After more than a year with Google, he was offered an opportunity with Hayneedle, an Omaha-based online retailer of home furnishings and lifestyle products.

“It was about a real opportunity to build something really special…to take a company that was not well heard of but was doing some really great things,” ElDifrawi said.

And that special “something” was the brand.

ElDifrawi joined the Hayneedle team in May 2008 as the chief marketing officer when the company was known as NetShops.

The company, at the time, relied on search engine marketing, which sought to promote more than 220 websites by increasing their visibility on search engine result pages.

“People didn’t even realize we were connected stores,” he said. “They didn’t know hammocks.com was part of NetShops.”

This disconnect empowered ElDifrawi to lead the revamping of the company’s website and brand in August 2009 to Hayneedle.

“To be a brand is about getting people to come back and talk about you,” he said. “They’re only going to do that if they have a great experience with your product, with your customer service, with your delivery [and] on the site.”
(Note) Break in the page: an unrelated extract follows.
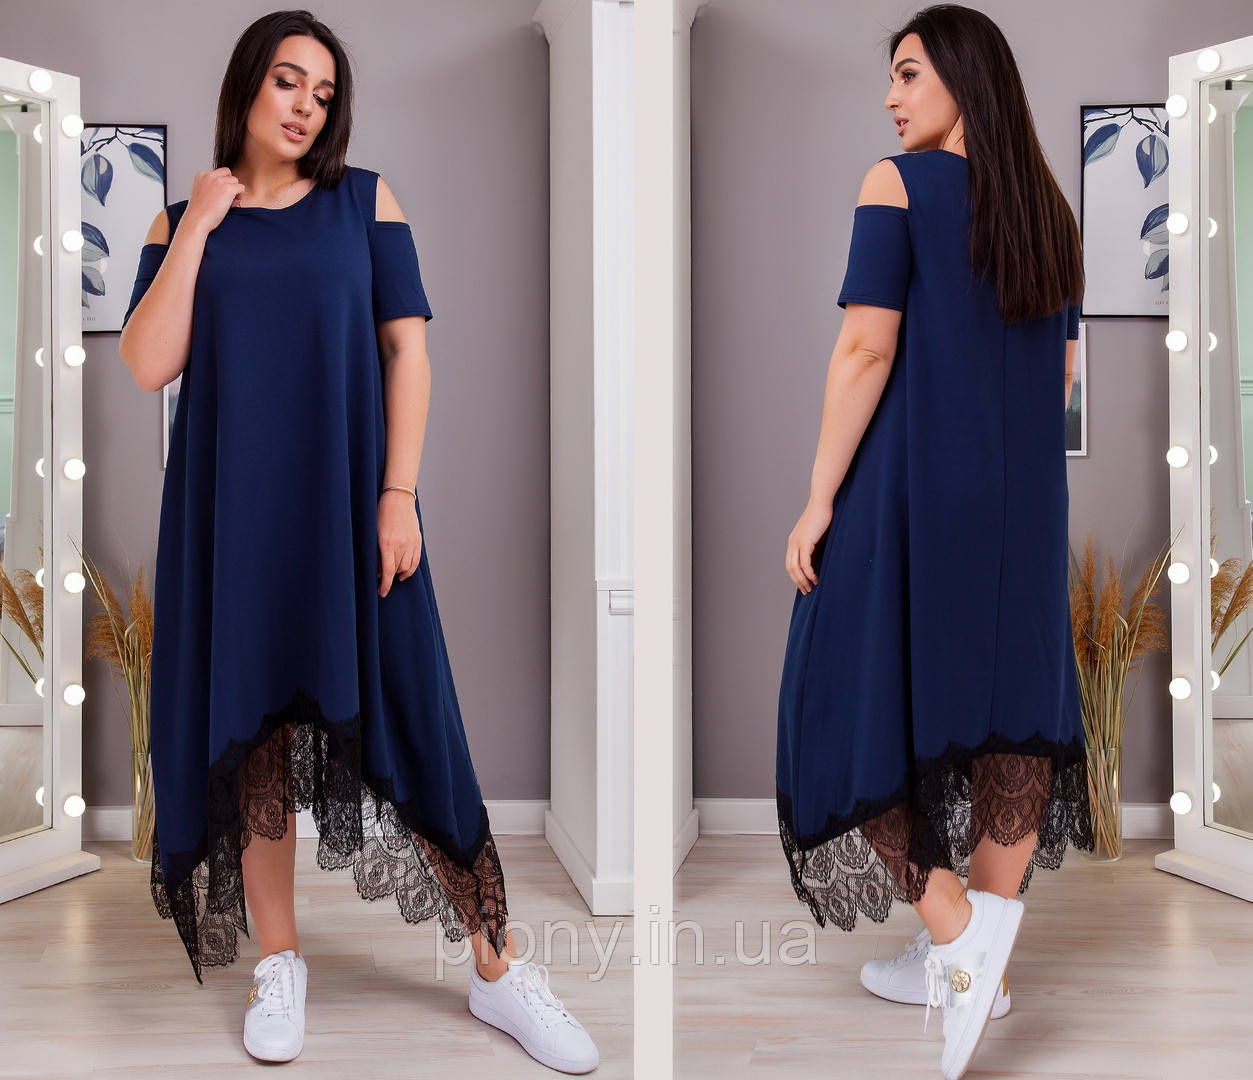 Жіноча Сукня вільного крою з мереживом Батал

The name was inspired by the company’s new mantra – “finding that really hard to find, perfect item for you, the needle in a haystack,” ElDifrawi said.

The sky’s the limit for the “variety, sweet variety” of Hayneedle.
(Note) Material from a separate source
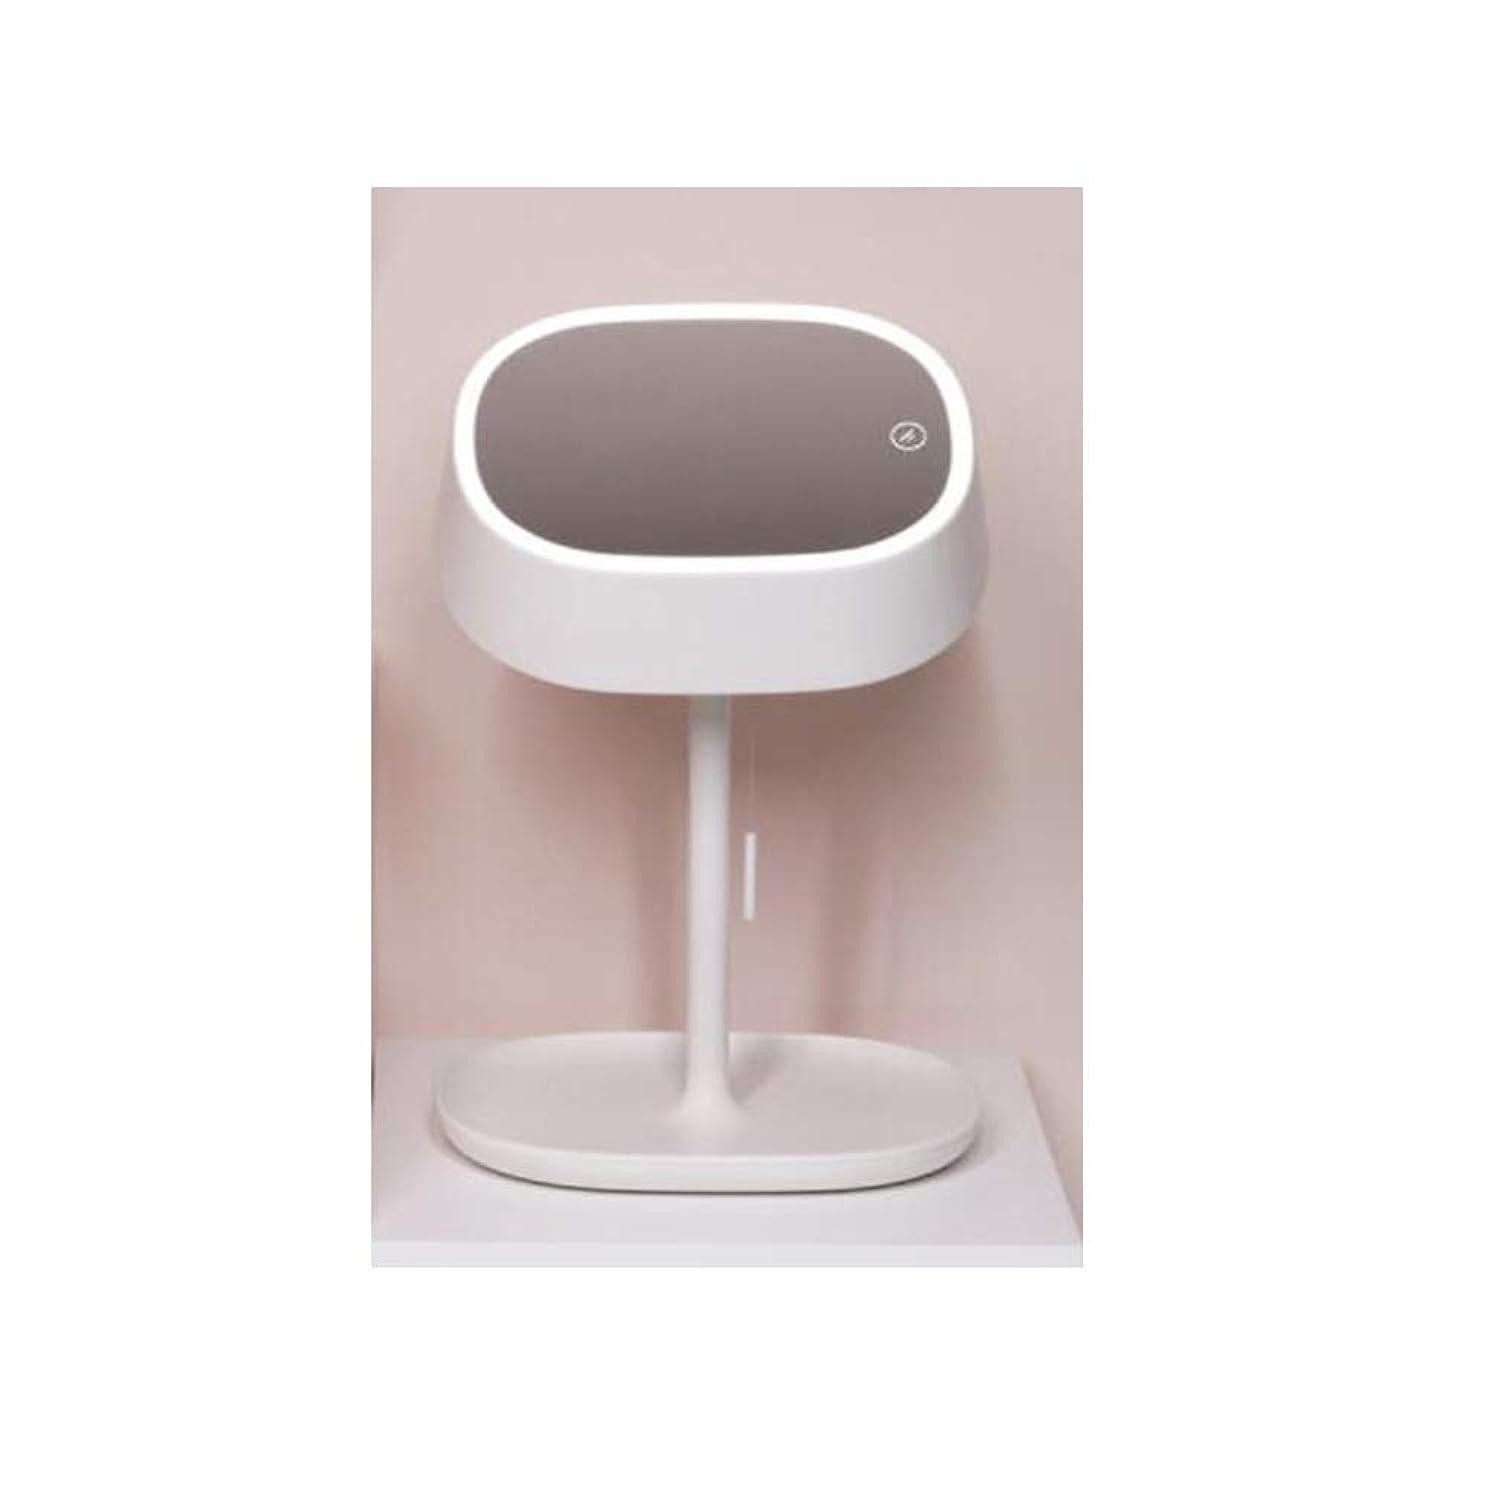 知恵彼らの主導権化粧鏡テーブルランプLEDミラーテーブルランプ充電式ベッドルームベッドサイドランプ収納美容ミラー化粧鏡 (Color : White)

“It’ll stand for good customer experience,” ElDifrawi said. “It will stand for great quality at a really, really fair price and I think that’s what people want.”




     

Quick Scoop

Ash ElDifrawi's Career Track: 2000-2003  McKinsey & Company
  • Industry: Management Consulting
  • Position: Management Consultant
2003-2007  Wrigley
  • Industry: Consumer Goods
  • Position: Managing Director, Global Enjoyment Platform
2007-2008  Google
  • Industry: Internet
  • Position: Director, Brand Advertising
2008-Present  Hayneedle
  • Industry: Retail
  • Position: Chief Marketing Officer

Ash's Take

Compare and contrast the brand advertising strategies behind Google and Hayneedle? When I arrived at Google, everyone knew what Google was. They built their brand through innovation and through changing the way people think about creating search, not through their brand advertising. They let people discover it. [At Hayneedle] it was, How do I go from zero awareness, from the world's most known to company to a company nobody knew? How do I tell the story and communicate who we are, expose customers to Hayneedle, so that they fall in love with and come back to us again and again? Compare and contrast the company culture of Google and Hayneedle? It's very different in size and scope. They're both trying to be very innovative. I think what I really like about Hayneedle is that there's a sense of community here that you didn't have with Google within the company. They love Nebraska, they love Omaha and they are very proud of it and they should be. And they want Omaha to be proud of them. I didn't see that at Google. It was just a great company. Where does Hayneedle fall into the entrepreneurial ecosystem? A lot of executives here came from bigger companies because all of us wanted to build something. We try to infuse that in the organization to give a lot of people the opportunity to chase their ideas and grow in the business. I think we should be viewed as a beacon for that because our founders were local Nebraskans and take a lot of pride in the fact they built this phenomenal company.